Over a hundred, huh? Either Kesun had been a busy guy, or alternatively — and given the ages of some of those testing positive, this seemed more likely — some of the other Chosen had also been busy over the generations. Regardless, the gene was considerably more common here than on Earth. “That’s… great,” John replied distractedly, staring at the hive of activity along the eastern wall. Or, rather, where the wall used to be.
“I’ve been implementing the plan,” Ford added. “We’ve been sending pairs of Genes into villages. When one of them returns with the first transport full of evacuees, the second Gene hands his Shield to a warrior for a couple of seconds to blink it on and off. In the first two villages, the Darts started thinking they had the run of the place, and we took down a bunch of them. The Wraith can’t tell when or where the fields are going to activate, or for how long, and it’s confusing the hell out of them.

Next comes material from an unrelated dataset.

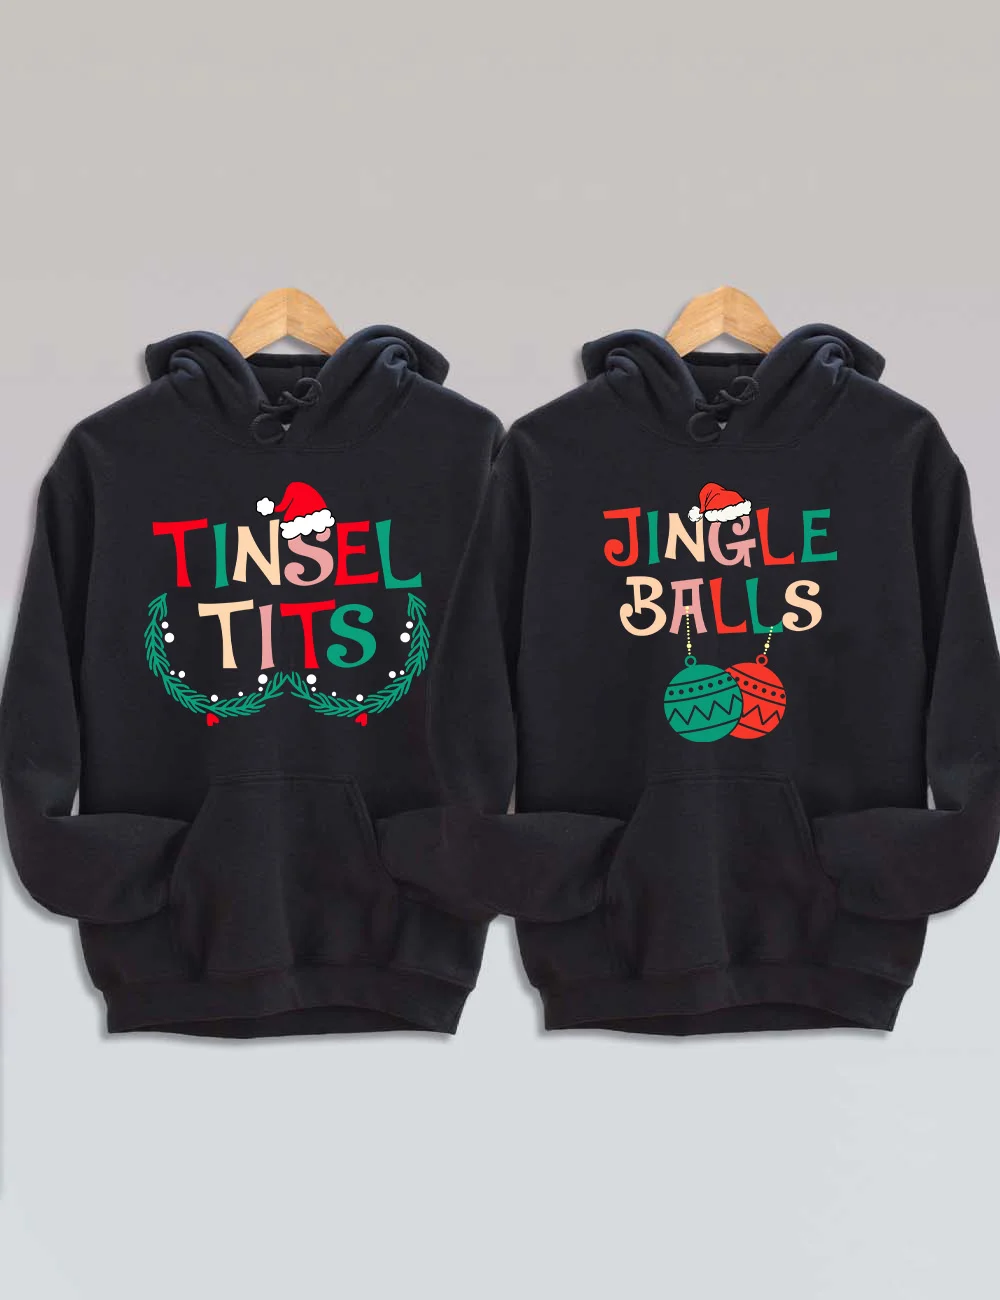 Tinsel Tits/Jingle Balls Christmas Hoodie

For the moment, at least, they’ve backed off entirely.” Grinning with obvious enthusiasm, he added, “That means they have to assault the Citadel on foot.”
“Yeah, we got ‘em exactly where we want them.”
The tone of his voice must have alerted Ford, whose smile faded. “Sir? You don’t think they’ll strike the eastern wall?”
“Oh, that’s exactly where they’ll attack. Take a look down there.”
Peering through the smoky haze from hundreds of workmen’s torches, Ford said, “I can’t…” His voice trailed off, and he sucked his breath in. “I can see the channel!”
“Yep. What we have, Lieutenant, is a mile long wide open access to the Citadel. And there are two more sections of the wall at least as bad as this.”
Ford’s eyes widened in alarm. “What happened?”
“Another classic case of Murphy’s Law.” John kicked at a loose stone, irritated with himself for not having checked the wall earlier. He could not recall seeing any major breaches when he’d flown over the Citadel, but then it had been difficult to distinguish between the jumbled black rock of the buildings and the surrounding fortifications. Although he had anticipated some damage, it was not until seeing it from ground level that he had understood the extent.
The Lieutenant offered a weak facsimile of his previous grin. “Guess it’s not just the Marines they warn about that law, huh, sir?”
“Murphy was an Air Force captain.”
“Really?”
“I kid you not.” John gestured toward the scene below. “In terms of the Citadel, this is kind of the wrong side of the tracks. The area’s been neglected for years, probably centuries. The Dalerans have been looting the fortifications for building materials. That’s why Kesun gave an order for the engineers and warriors to rebuild this wall, which isn’t something we can finish in the—” He glanced at his watch to check the countdown. “Two hours we have left until dawn. So unless our resident genius pulls off a minor miracle, we’re in trouble.”